Migrate to using duckdb/duckdb-async npm package instead of duckdb-wasm
As noted in #5332, duckdb-wasm does not support reading from compressed CSV/TSV files for some reason, and additionally multithreaded execution is not well supported in the WASM build (background discussed in https://duckdb.org/2021/10/29/duckdb-wasm.html), which means that performance in Positron will be hampered.
We could address both of these issues, multithreading and reading compressed files (without workarounds like decompressing a gzip file in-memory in NodeJS and then feeding it into DuckDB) by switching to duckdb-async, which is a TypeScript async wrapper for the duckdb NodeJS bindings. This is what https://github.com/antonycourtney/tad uses, for example. This is the ultimate direction that we need to go.
The downside of the duckdb NodeJS bindings is that the DuckDB C++ library gets built from source during npm install and statically linked into the NodeJS extension. I tinkered with this locally and while it's possible to get the DuckDB build running in parallel on Linux/macOS, I couldn't figure out how to get it building in parallel on Windows. A single-threaded build on DuckDB takes well over 10 minutes so this would not be ideal, so I'm not going to pursue this for the time being until we can resolve the build performance issue.

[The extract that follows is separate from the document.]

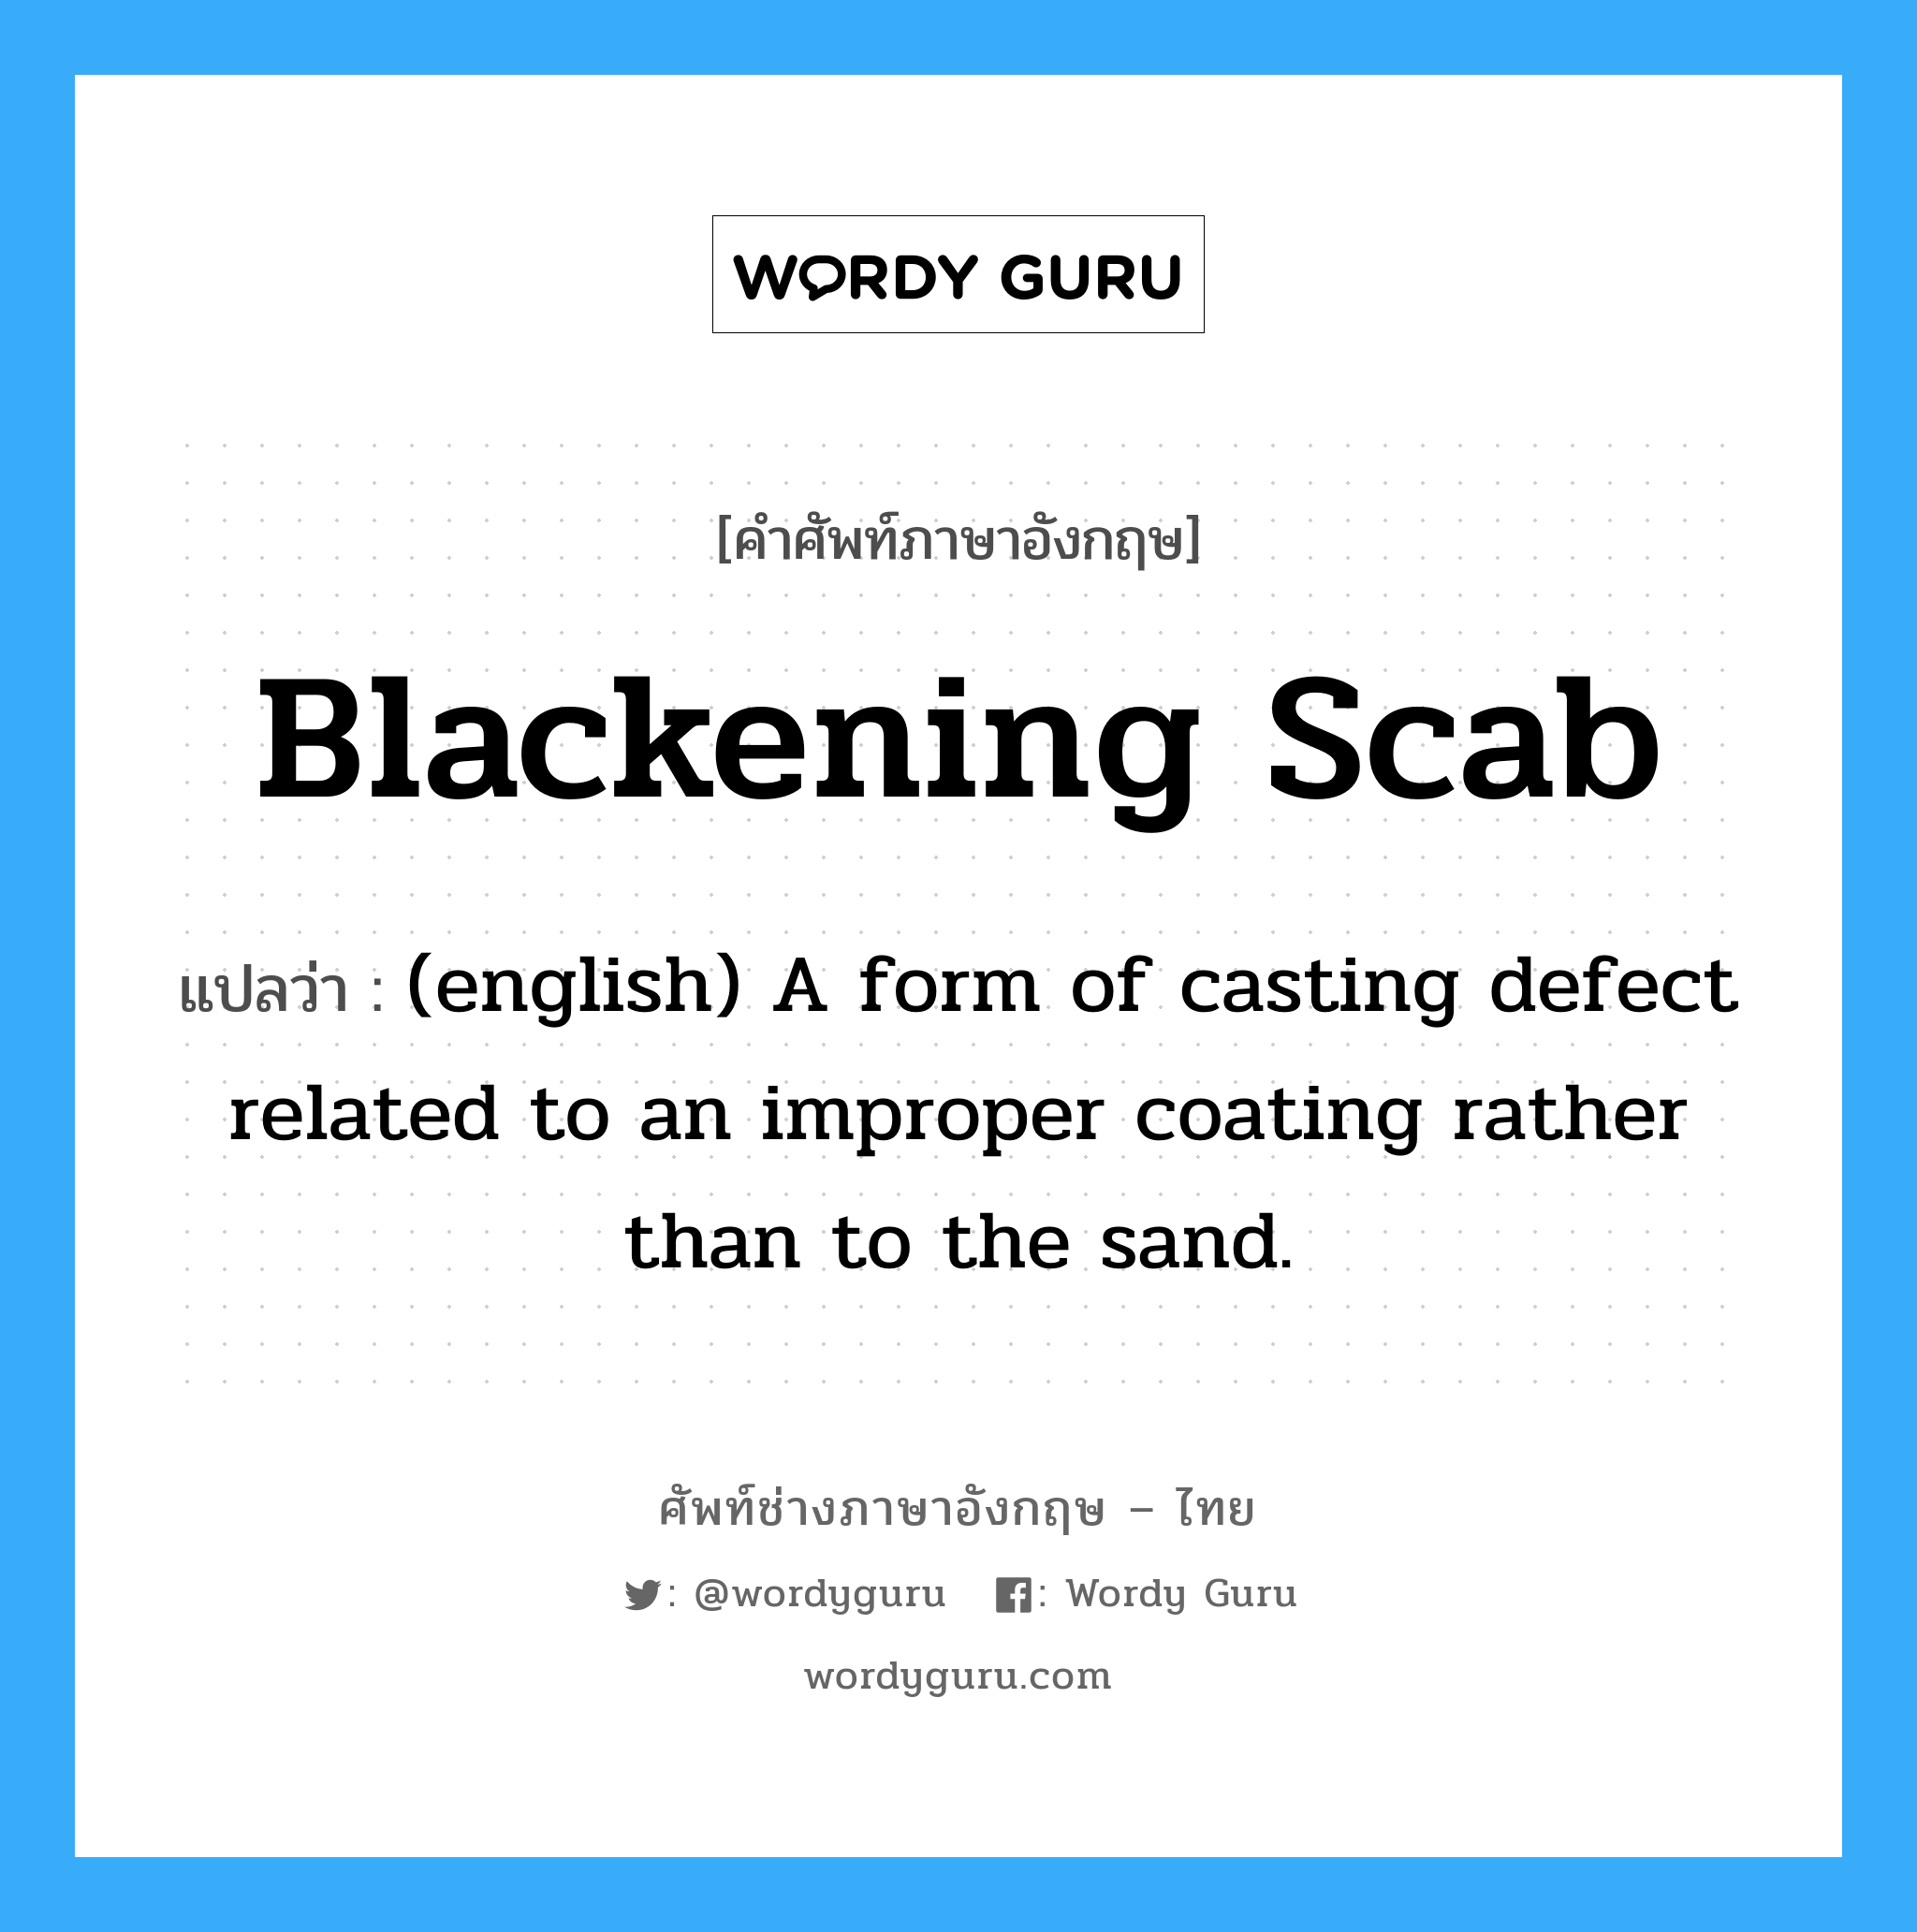 Blackening Scab แปลว่า?, คำศัพท์ช่างภาษาอังกฤษ - ไทย Blackening Scab คำศัพท์ภาษาอังกฤษ Blackening Scab แปลว่า (english) A form of casting defect related to an improper coating rather than to the sand.

Perhaps adopting the new Node.js API (New) would be ideal as it would eliminate the build issue?
Main Differences from duckdb-node
- Native support for Promises; no need for separate duckdb-async wrapper.
- DuckDB-specific API; not based on the SQLite Node API.
- Lossless & efficent support for values of all DuckDB data types.
- Wraps released DuckDB binaries instead of rebuilding DuckDB.
- Built on DuckDB's C API; exposes more functionality.
Indeed we created new node bindings that use pre-built libraries. Should greatly reduce build time. I would warmly recommend checking it out.
Thanks — after talking with you about this a few weeks ago, I plan to do the migration but we will have to wait until Positron moves to arch-specific macOS installers (currently there is just a universal binary: https://positron.posit.co/download.html). I'm not sure what the timeline on that will be but I'll update the thread here whenever it's time!
We could build a universal binary version for OSX of the new node buildings if it helps?
Do you imagine opting in to getting the universal binary with an environment variable or similar? I think it's not a bad idea to have as an option since many people are still creating universal app distributions for macOS (even though Intel seems to be going the way of PowerPC soon enough)
Yes, let me check with the maintainers. CC @jraymakers
I'll have to research whether it's possible to build an OS X universal binary using the Node addon build tool (node-gyp).
However, it may be possible to solve this in a different (perhaps simpler) way. If you bundle both @duckdb/node-bindings-darwin-x64 and @duckdb/node-bindings-darwin-arm64 in your Mac OS X (universal) package, by adding direct dependencies to both of these to your package.json (rather than relying on the optional dependencies from @duckdb/node-bindings), then the appropriate one for the user's platform should get loaded.